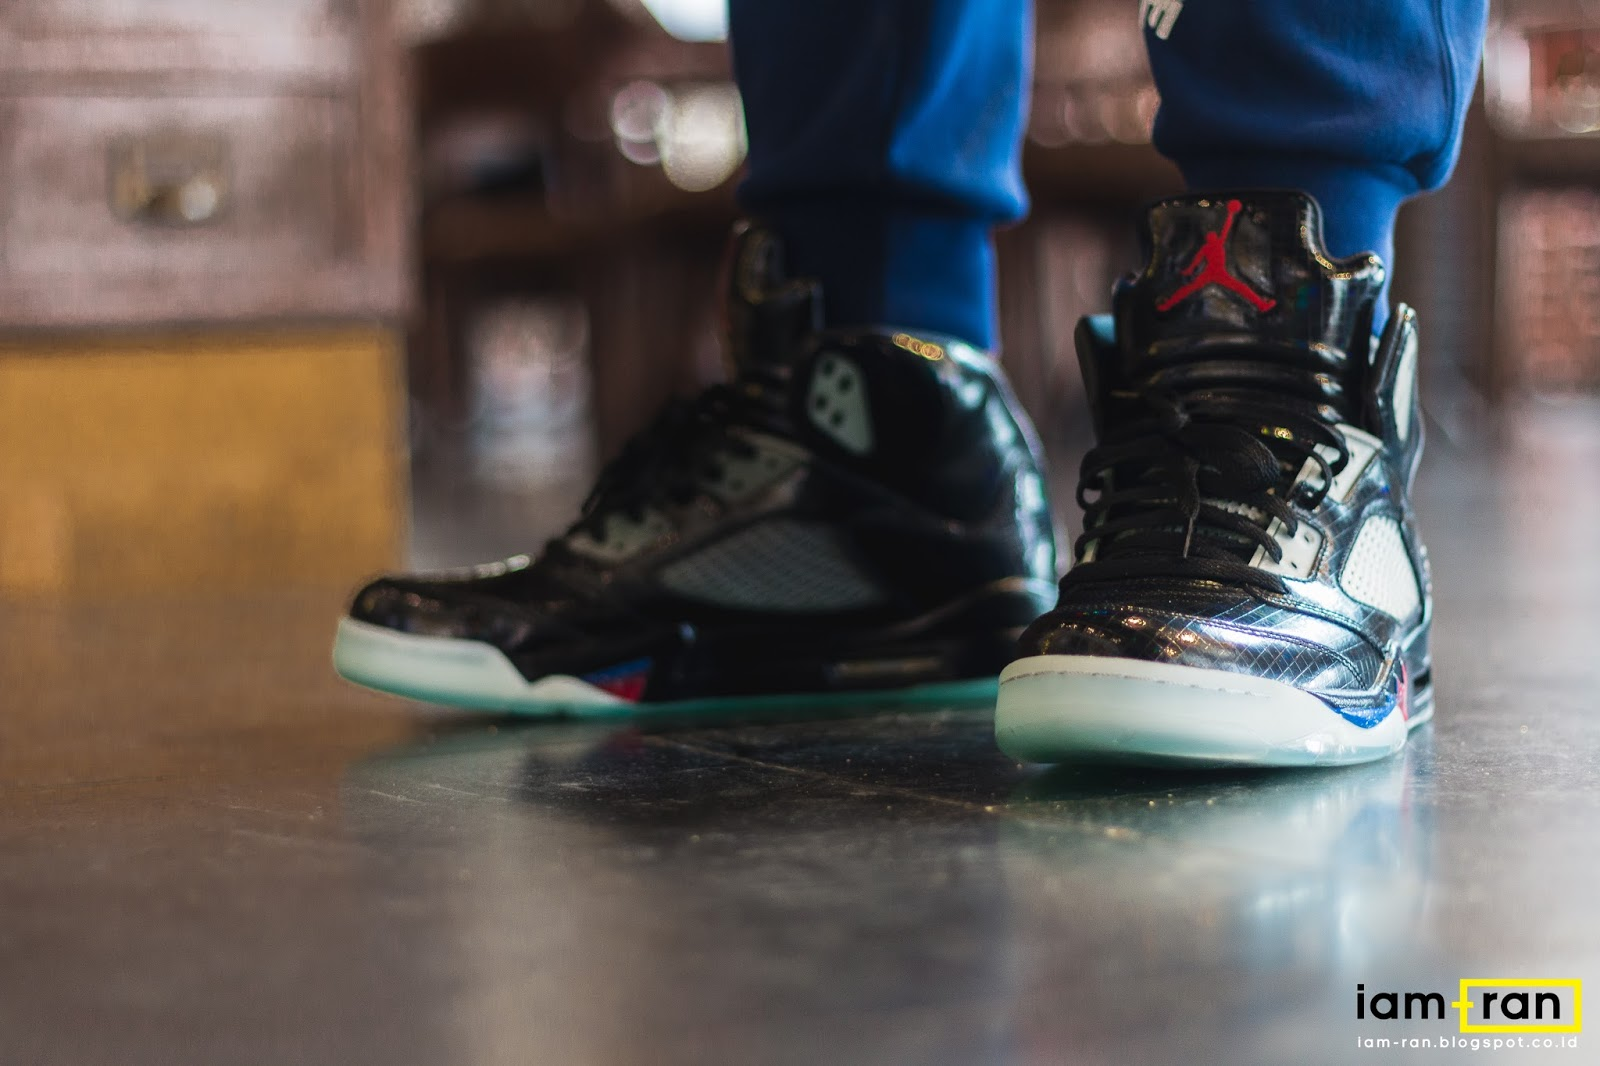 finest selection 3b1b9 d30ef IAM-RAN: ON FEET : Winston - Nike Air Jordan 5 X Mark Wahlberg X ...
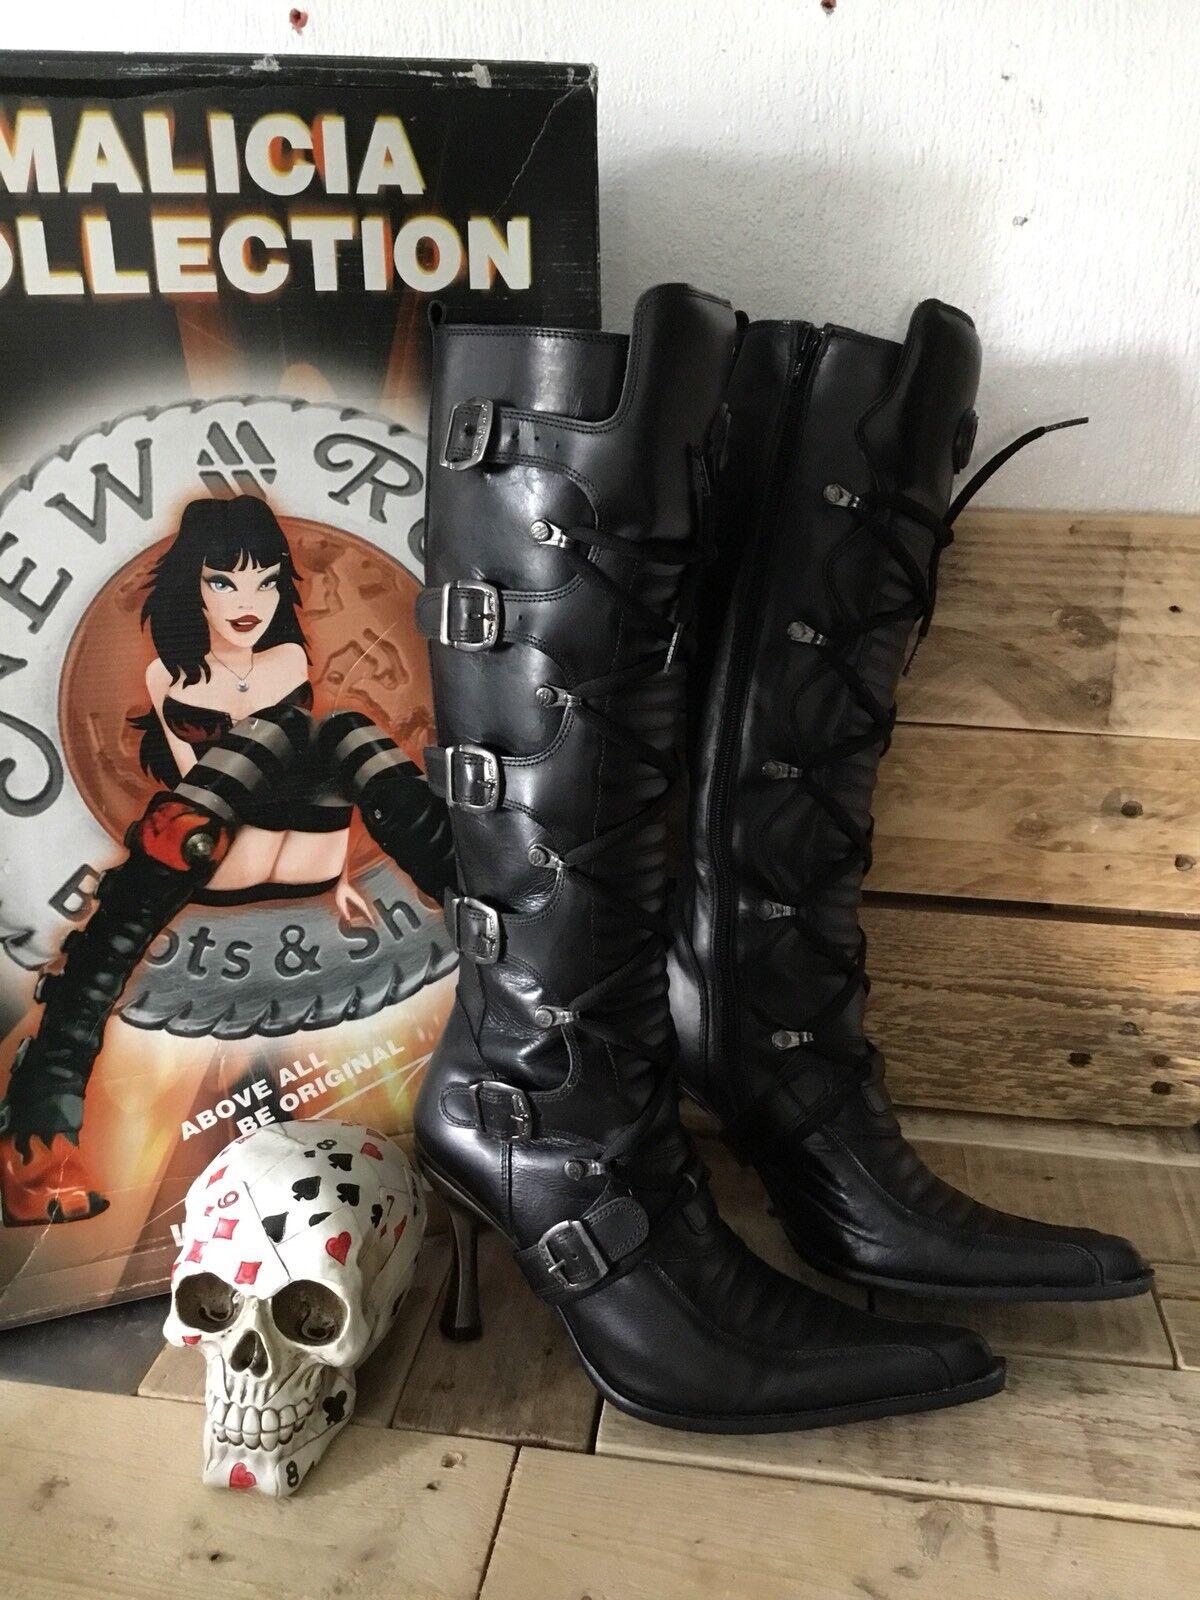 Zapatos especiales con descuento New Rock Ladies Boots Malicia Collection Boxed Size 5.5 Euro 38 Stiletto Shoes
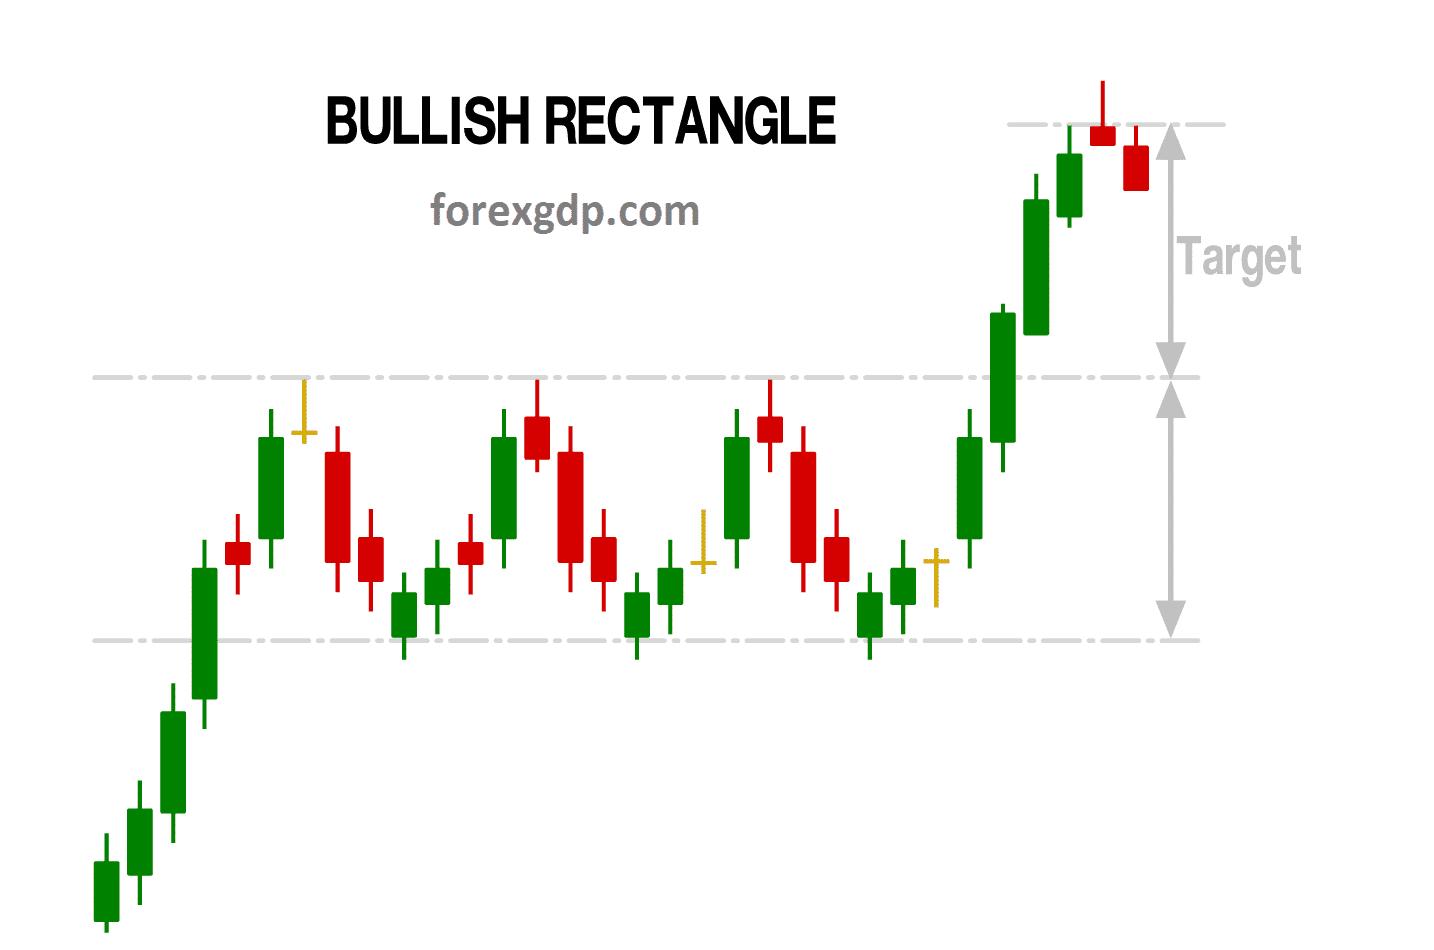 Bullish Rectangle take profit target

## WORK TO BE COMPLETED
The listing above must be given again exactly, minus its pictures.

## ANSWER TO THIS EXERCISE
 finest selection 3b1b9 d30ef IAM-RAN: ON FEET : Winston - Nike Air Jordan 5 X Mark Wahlberg X ...
 Zapatos especiales con descuento New Rock Ladies Boots Malicia Collection Boxed Size 5.5 Euro 38 Stiletto Shoes
 Bullish Rectangle take profit target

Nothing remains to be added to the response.